Firstly I do think you should see an EP as soon as possible, that's too long a wait in my view, and I would consider paying to go privately if that is an option, or even pop over the border to do this.
I am told AF only ever gets worse, but certainly for me I have never really had any symptoms whatsoever, some breathlessness, and trouble walking up hills but not much else.
You don't state your symptoms, what your HR is for example, my HR is usually around 75-80 and BP 120/85 ish. So I really am not affected badly.
Deteriorating heart? well it depends, certainly if your HR is high it's not doing you any good, and you are probably getting some left atrial enlargement, but that's probably not too bad after a year.
Yes you need treatment, and depending on your symptoms possibly an ablation, but don't get too worked up about the heart deteriorating, there is conflicting evidence that AF is life shorterning at all.
You obviously know a lot about AF but do learn as much as you can, the AF website has loads and loads of good info, knowledge is power
Thank you Beancounter. I have followed your replies to others. My heart rate is controlled since I take 120 mg. Verapamil. So, in the last two weeks from 83 - 99 b.p.m. I am also on blood pressure pills, 20 mg lisinopril. My symptoms vary from being all right to lump in throat, heavy chest, nausea in morning, difficulties lifting, queasy heart feeling, breathless in climbing escalators, palpitations, out of breath going uphill.
Last year, April 5/'16, via an echo my left atrium was 42 mm. The left atrium volume index was 47 ml/m^2 (moderate enlargement).

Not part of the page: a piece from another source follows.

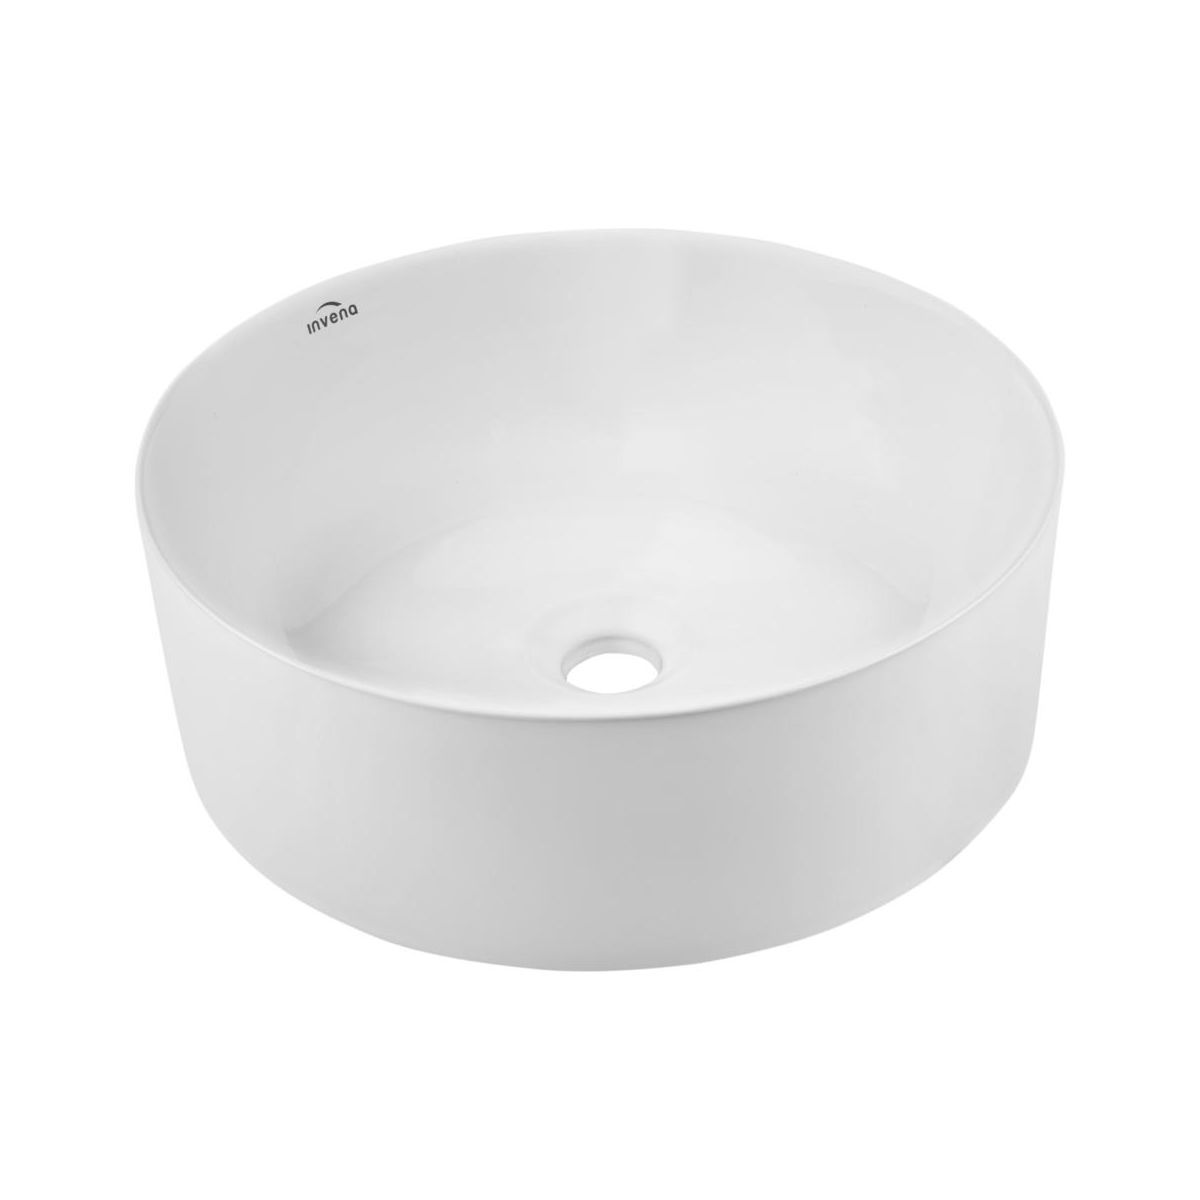 Umywalka Nablatowa 41 5 Invena Ce 14 001 Keto Umywalki W Atrakcyjnej Cenie W Sklepach Leroy Merlin Garden Pots Garden Pot Tray Pot

Yes, I absolutely agree with you that knowledge is power. As a result, I have been using that knowledge to confront (in a firm way) that atrial fibrillation must be taken seriously by the medical field because since it is not life threatening, we, afibbers, are downplayed in terms of medical treatment.
Firstly, sorry to hear about your predicament. Your symptoms mirror mine, so you have a person who understands to a certain extent. My journey, was 18 months, before being signed off as cured by the cardio, by cured I mean large amounts of medication, HR ''controlled'', and an eminent EP telling me I had a 30% of Ablation success, IF, carried out immediately. If I waited another 6 months, the chance of success would be next to nil. So, I decided to forget Ablation, and concentrate on life style changes. You really must get to an EP as soon as you can. Forgive me, the majority of the medical profession, IMO, and particularly where AF is concerned, is not for purpose. The drugs fix all mentality, and if they do not understand your condition, then it is vital that you do. You do not mention if you are on Anti Coagulants. Again, prior to full diagnosis, I would get them. Please note that I am not medically qualified, but like others on here, are living the very symptomatic 'dream'. Just this week, a local radio show, with a Doctor phone in spot, told a caller who had symptomatic AF. Don't worry, the most common heart arrhythmia, everyones got it. Get over it........that in my experience is the view held by great numbers within the profession. Quack syndrome, if we do to understand, we ignore. Keep well.....
I have read your previous posts Maxred1. I was diagnosed with atrial flutter 16 months ago although I am in persistent AF now, thus our timeline is very close. I did have one cardioversion (but not consultation) by an electrophysiologist whereby I posed the question that if I could not be converted to sinus rhythm, then would the ablation be out of the question. His answer was, "no." Have you ever had a cardio version because I was told if you could not be cardioverted, you could still have an ablation? I find that 30% figure very low and do wonder how your EP came up with it. Was he saying you had a lot of fibrosis and your left atrium was greatly dilated?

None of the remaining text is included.